I am Gen X (we’ll never get to be the largest generation; we won’t even take over second place for another several years), and our biggest challenge was our ennui. Petersen makes a stirring case that the biggest challenge for Millennials is stultifying precarity. Those are big, jarring words I had to sit with for a bit, but the author backs up her claim with firsthand experience, stories from extensive primary research, and a bevy of secondary sources. The book was written before the COVID-19 pandemic but published in the midst of it. Remarkably (and unfortunately), the destructive challenges she brings up in the book grew exponentially during the lockdown.
Petersen mentions how many Millenials would rather read a book than the mindless scrolling they do on social media, but they are just too tired from a life driven by being raised as resumes rather than kids. I know I hear this often from our subscribers, about how much they try to use the ebooks and audiobooks they find on Scribd to help drive them away from the more mindless, mundane apps and services. Ultimately, the book gave me hope that this interested and interesting generation will prevail over the stultifying precarity surrounding them.
— Ashley M.
Voyager by Nona Fernández
Scribd Audio’s latest Spanish acquisition, Nona Fernandez’s 2019 essay Voyager, is so good. “Hi, we are here.
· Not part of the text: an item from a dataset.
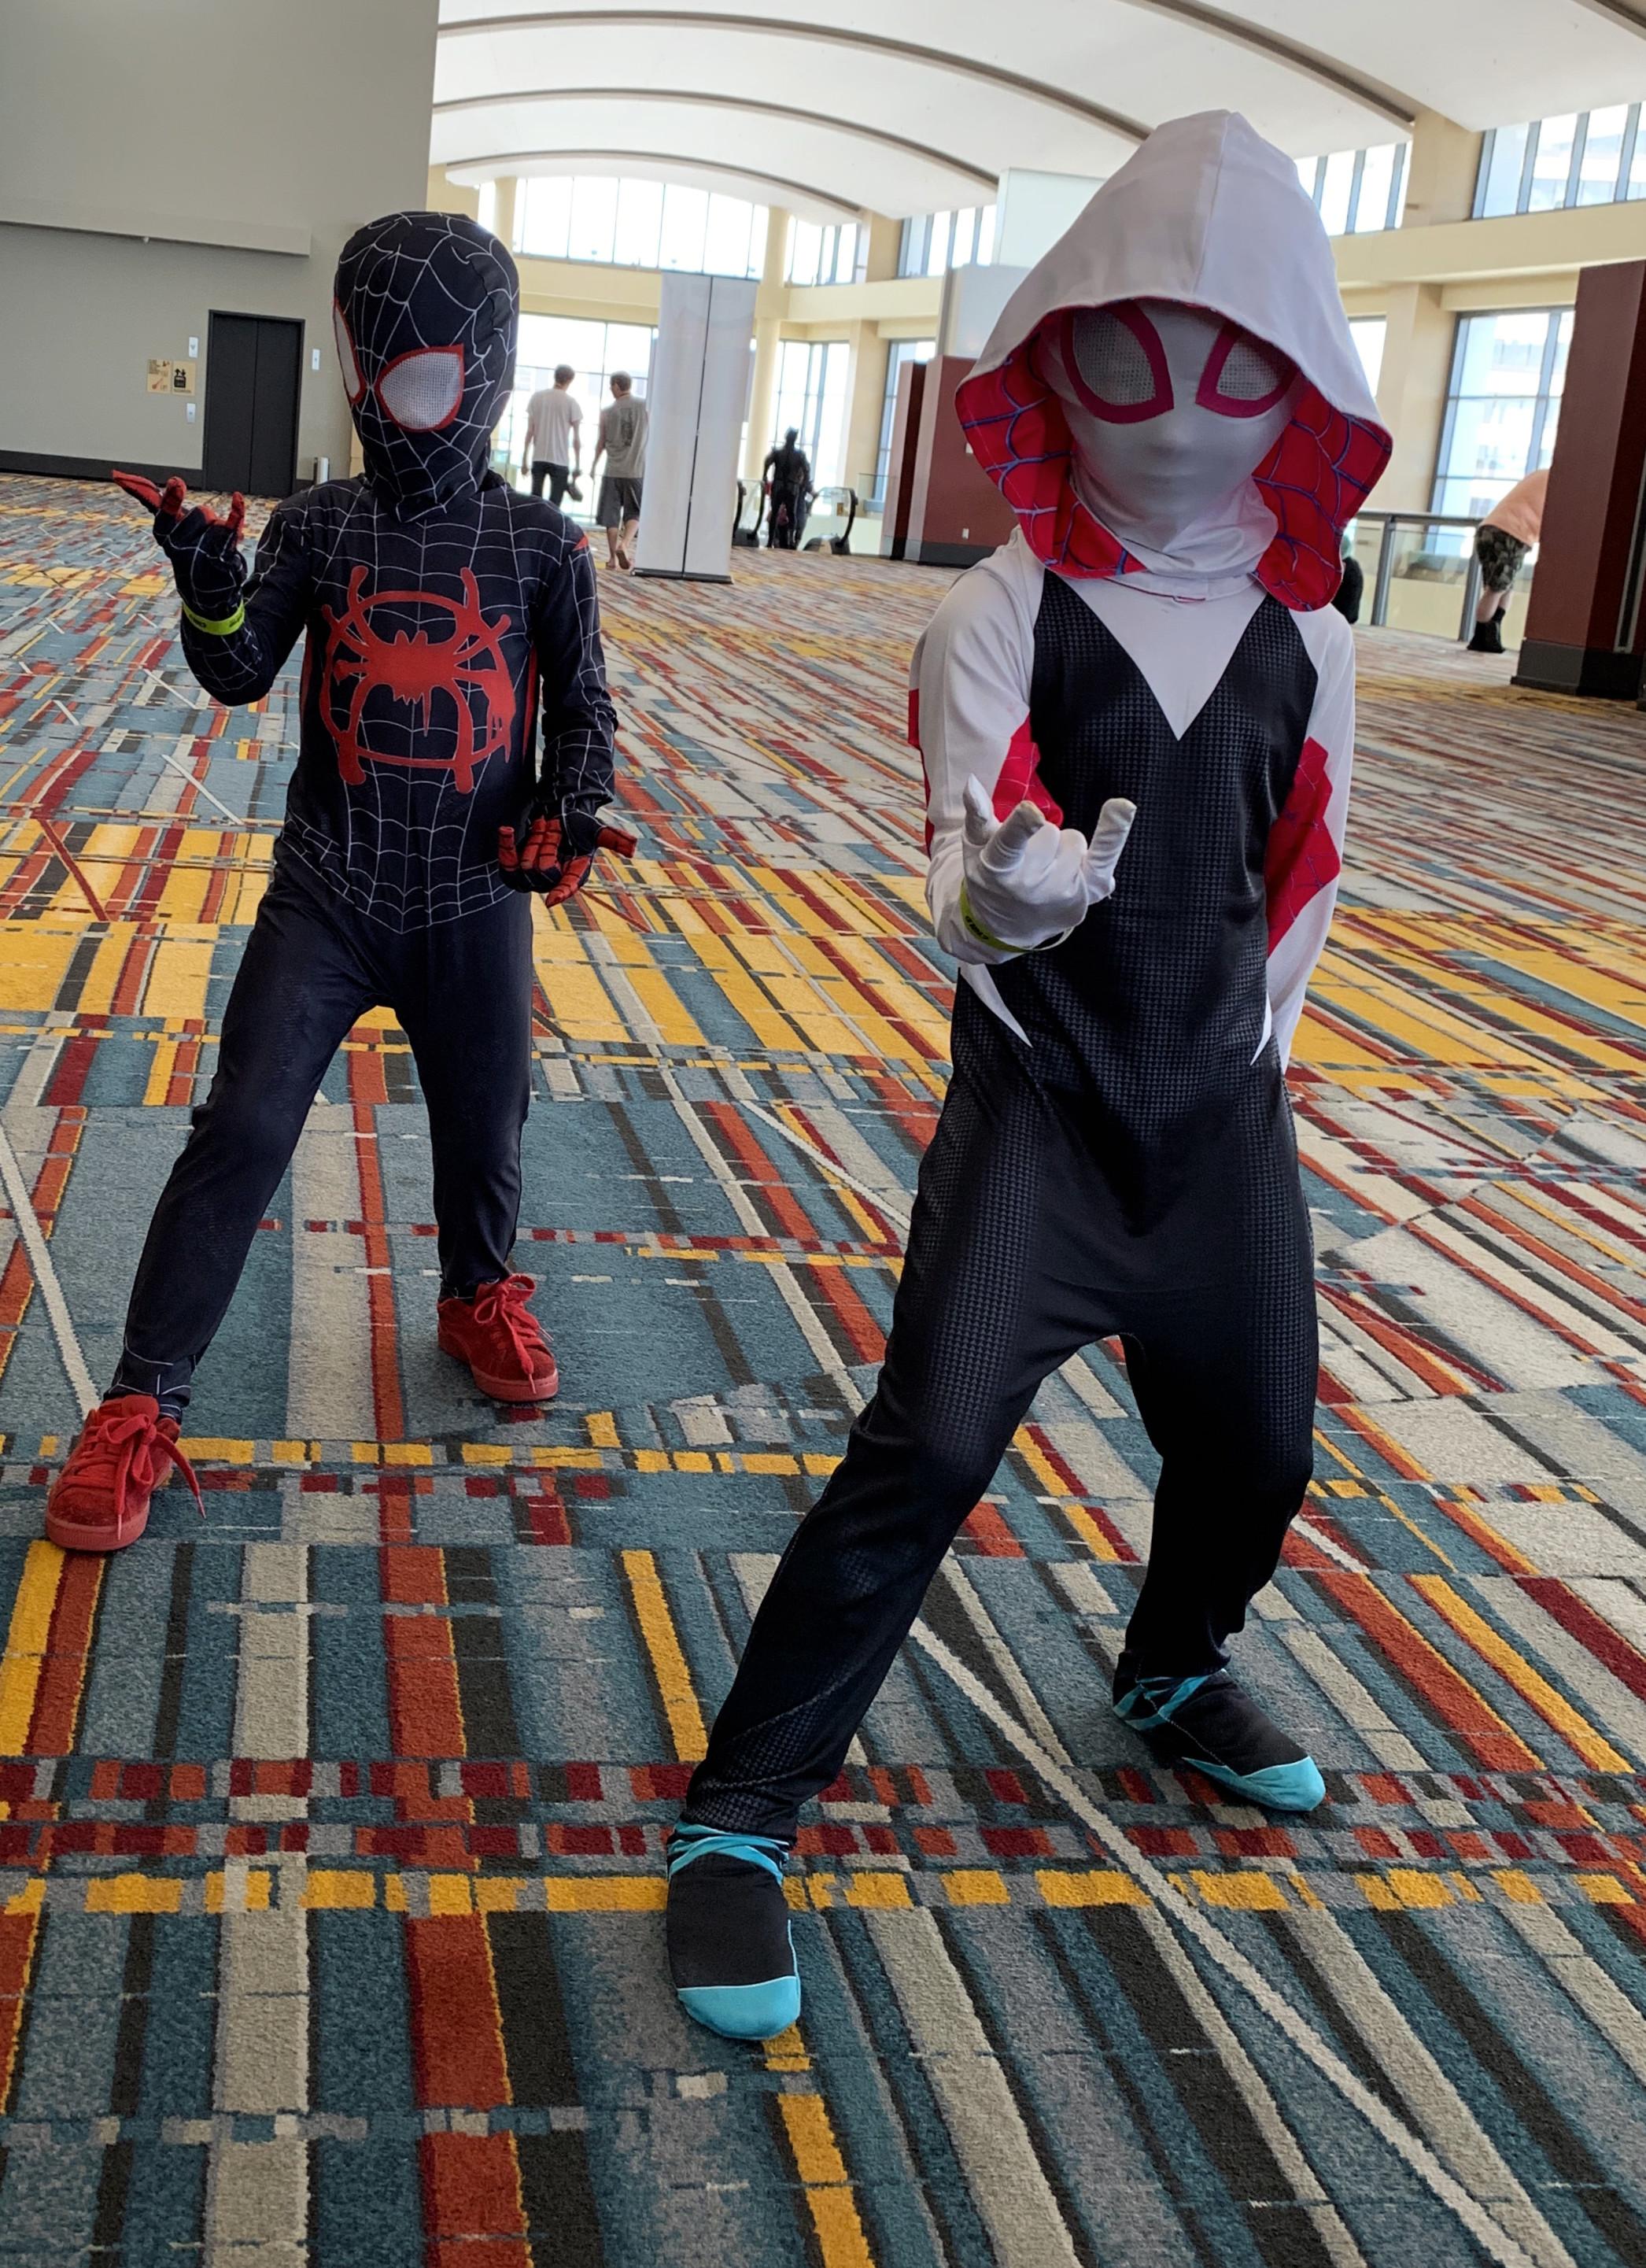 Spider-man and Spider Gwen.

Don’t forget about us,” a disarming voice repeats periodically throughout her meditation, each time with more gravity. No wonder Fernandez is one of the big names in Latin American contemporary literature, her voice is so potent, so breathtakingly beautiful and lucid, she could make any subject matter feel important. But she chooses truly urgent themes and translates them to the human heart, rendering a yin and yang-like image to the micro and macro.
Is it an autobiographical essay? A lyrical memorial to the victims of Pinochet and the Caravan of Death? A long metaphor about stars and the psyche’s universe? All of the above, with memory as the overarching theme. How and why we remember — individually and collectively — is the question at stake. But more importantly, this is a book about the things we think we forget and how they keep living in us after all, in time, through generations, and after literally light-years.
— Andrea B. (Editorial)
Writing into the Wound by Roxane Gay
One thing I love about great writers is how they take our shared understanding of a topic and turn it around so we can all see the back side, the part that’s been hidden in shadow. In Roxanne Gay’s Writing into the Wound, that topic is trauma. I was a little apprehensive to read this title; with the state of the world I wasn't sure I could read any more about the disasters of man. But what Gay is exploring here is not neccessarily the salicious details of a personal or shared trauma. Instead she is exploring how we share those experiences with others through writing, and in turn what makes that writing effective or not.
What I found the most striking was her take on the difference between a therapeutic unburdening of your own trauma versus sharing that same story for an external audience. What is it that we want from the audience? Empathy? Action? To participate in the dismantling of systemic white supremacy? While writing about personal trauma, how can we simultaneously protect ourselves from the outside world and elicit our desired response in readers? Gay provides insight on this and many other topics in this short read that I'll be thinking about for a long time.